Routing from Edge Load Balancers | Configuring Clusters

Overview
Including the Load Balancer in the SDN
Establishing a Tunnel Using a Ramp Node
- Configuring a Highly-Available Ramp Node

Overview

Pods inside of an OpenShift Container Platform cluster are only reachable via their IP addresses on the cluster network. An edge load balancer can be used to accept traffic from outside networks and proxy the traffic to pods inside the OpenShift Container Platform cluster. In cases where the load balancer is not part of the cluster network, routing becomes a hurdle as the internal cluster network is not accessible to the edge load balancer.

To solve this problem where the OpenShift Container Platform cluster is using OpenShift Container Platform SDN as the cluster networking solution, there are two ways to achieve network access to the pods.

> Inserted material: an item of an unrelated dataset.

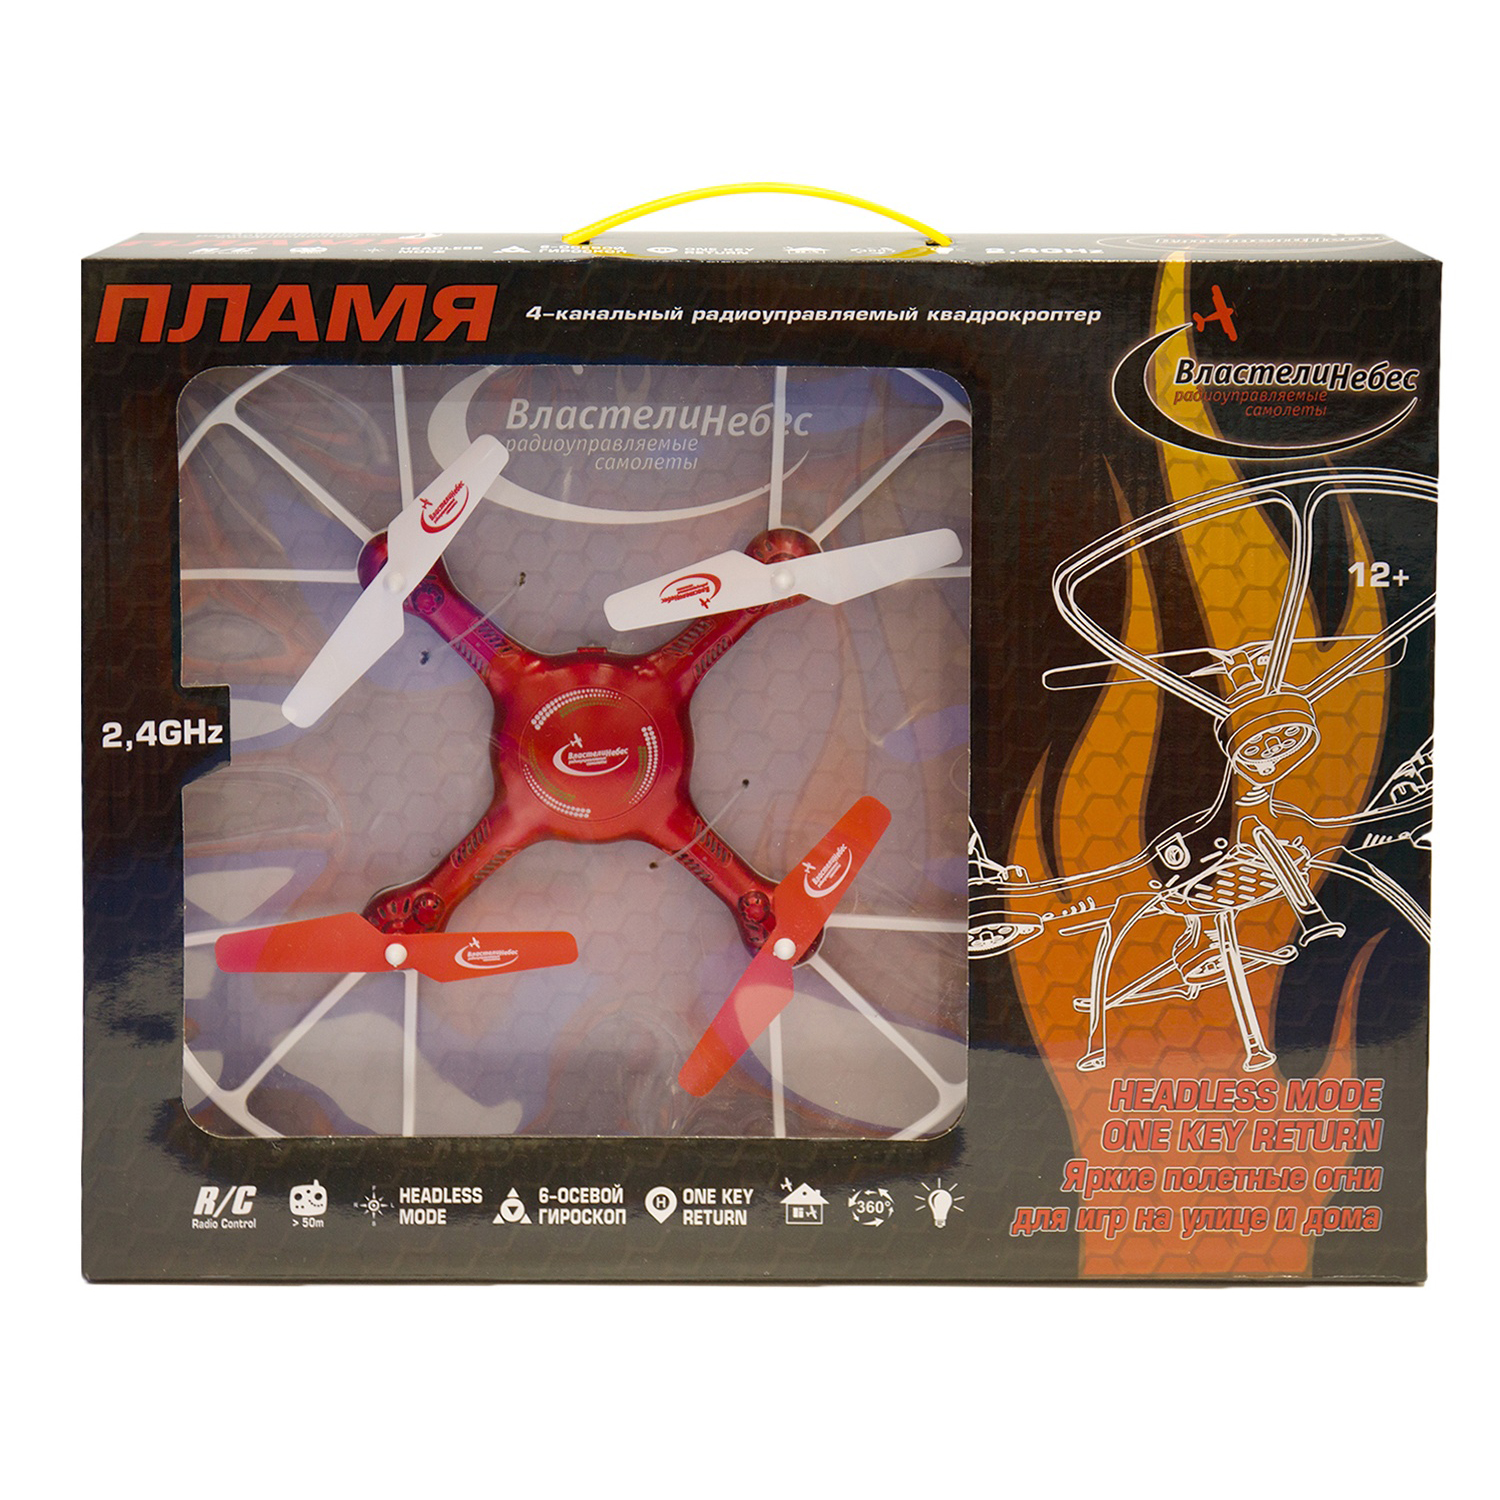 Игрушка Властелин небес Квадрокоптер Пламя BH3449 - фото 3

Including the Load Balancer in the SDN

If possible, run an OpenShift Container Platform node instance on the load balancer itself that uses OpenShift SDN as the networking plug-in. This way, the edge machine gets its own Open vSwitch bridge that the SDN automatically configures to provide access to the pods and nodes that reside in the cluster. The routing table is dynamically configured by the SDN as pods are created and deleted, and thus the routing software is able to reach the pods.

Mark the load balancer machine as an unschedulable node so that no pods end up on the load balancer itself:

$ oc adm manage-node <load_balancer_hostname> --schedulable=false

If the load balancer comes packaged as a container, then it is even easier to integrate with OpenShift Container Platform: Simply run the load balancer as a pod with the host port exposed. The pre-packaged HAProxy router in OpenShift Container Platform runs in precisely this fashion.

Establishing a Tunnel Using a Ramp Node

In some cases, the previous solution is not possible. For example, an F5 BIG-IP® host cannot run an OpenShift Container Platform node instance or the OpenShift Container Platform SDN because F5® uses a custom, incompatible Linux kernel and distribution.

Instead, to enable F5 BIG-IP® to reach pods, you can choose an existing node within the cluster network as a ramp node and establish a tunnel between the F5 BIG-IP® host and the designated ramp node. Because it is otherwise an ordinary OpenShift Container Platform node, the ramp node has the necessary configuration to route traffic to any pod on any node in the cluster network. The ramp node thus assumes the role of a gateway through which the F5 BIG-IP® host has access to the entire cluster network.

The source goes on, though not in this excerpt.